SOURCE DATA START

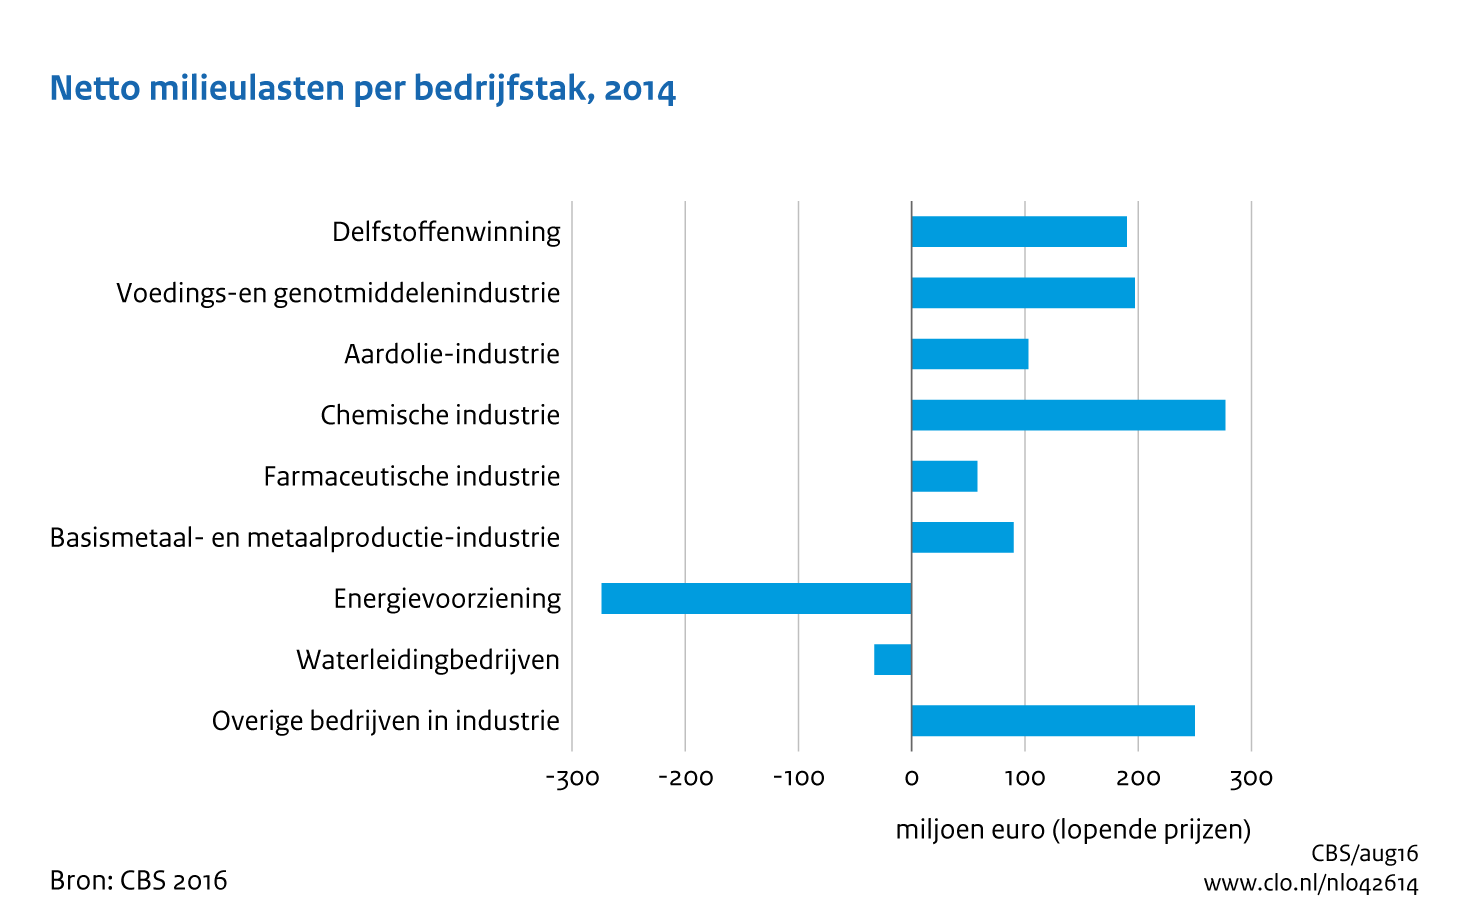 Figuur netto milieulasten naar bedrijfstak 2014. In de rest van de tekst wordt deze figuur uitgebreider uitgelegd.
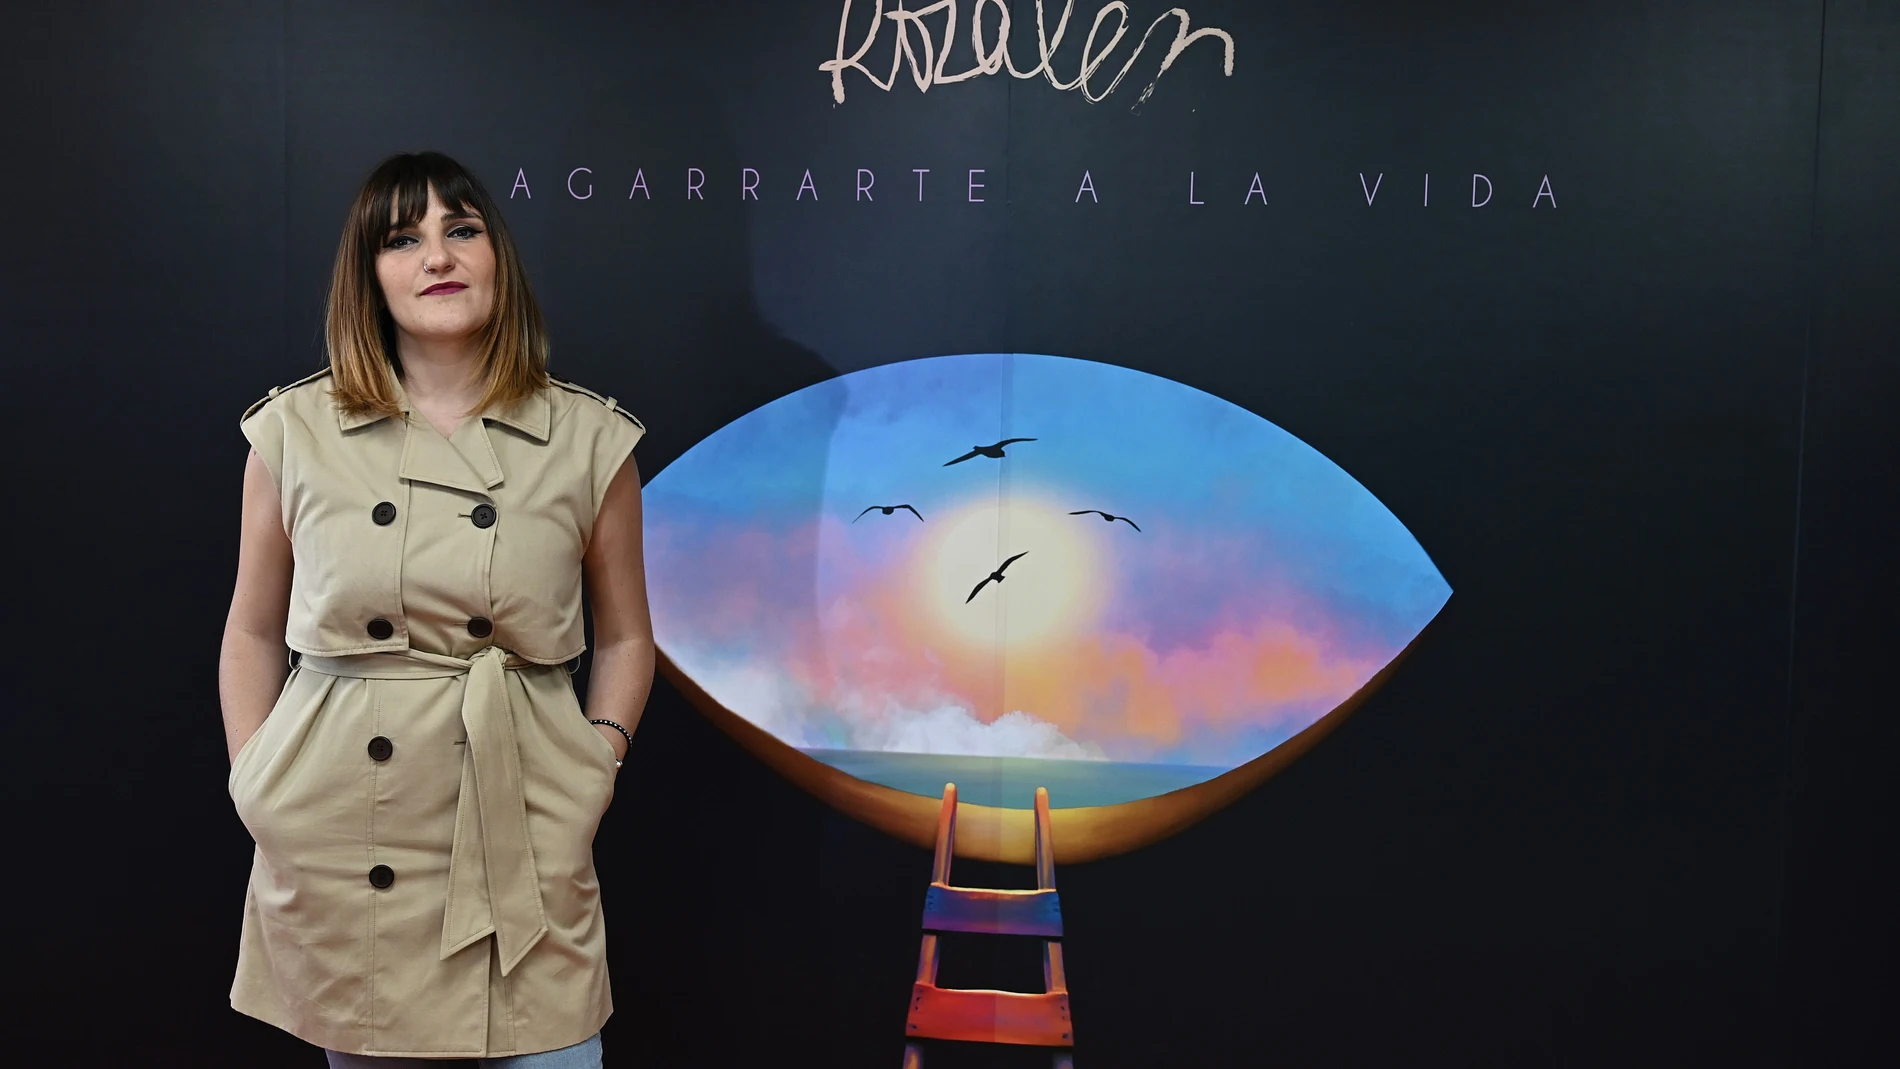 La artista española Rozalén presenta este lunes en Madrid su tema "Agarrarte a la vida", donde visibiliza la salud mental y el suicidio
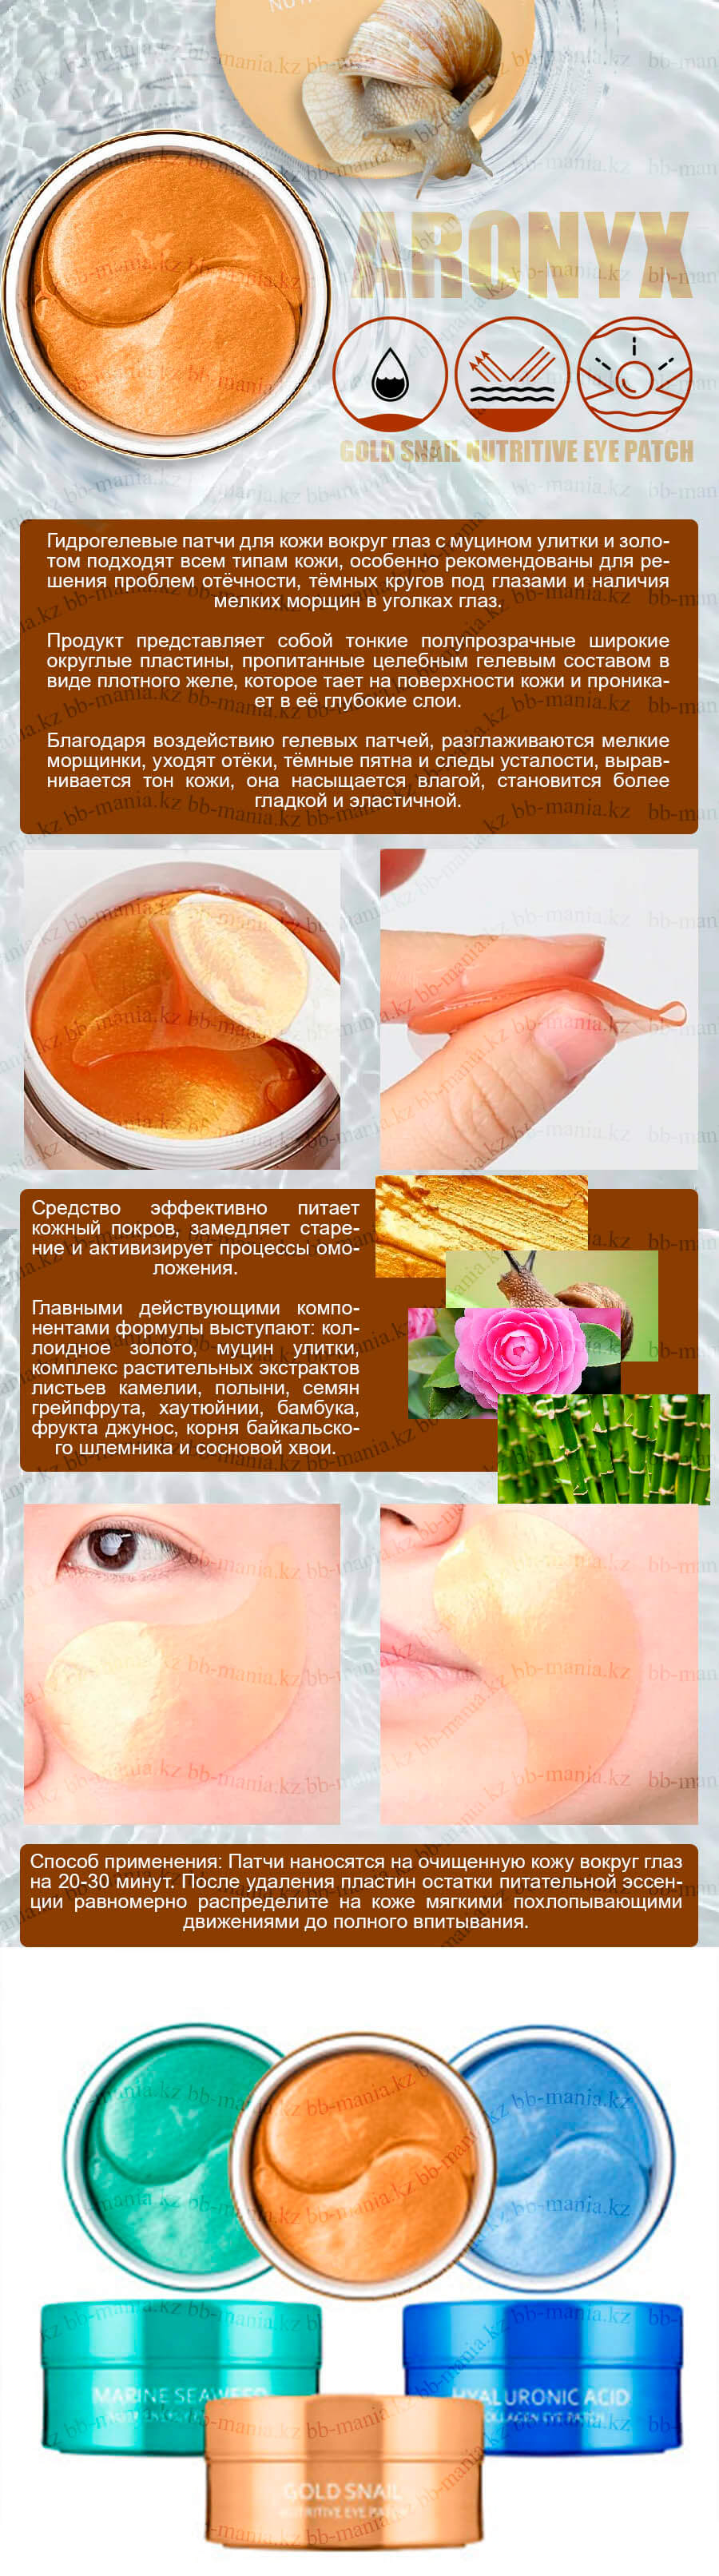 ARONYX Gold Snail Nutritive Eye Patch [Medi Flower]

SOURCE DATA END

• WHAT TO WORK ON
Reprint the whole listing above exactly, taking out the pictures.

• TASK OUTPUT
 Figuur netto milieulasten naar bedrijfstak 2014. In de rest van de tekst wordt deze figuur uitgebreider uitgelegd.
 La artista española Rozalén presenta este lunes en Madrid su tema "Agarrarte a la vida", donde visibiliza la salud mental y el suicidio
 ARONYX Gold Snail Nutritive Eye Patch [Medi Flower]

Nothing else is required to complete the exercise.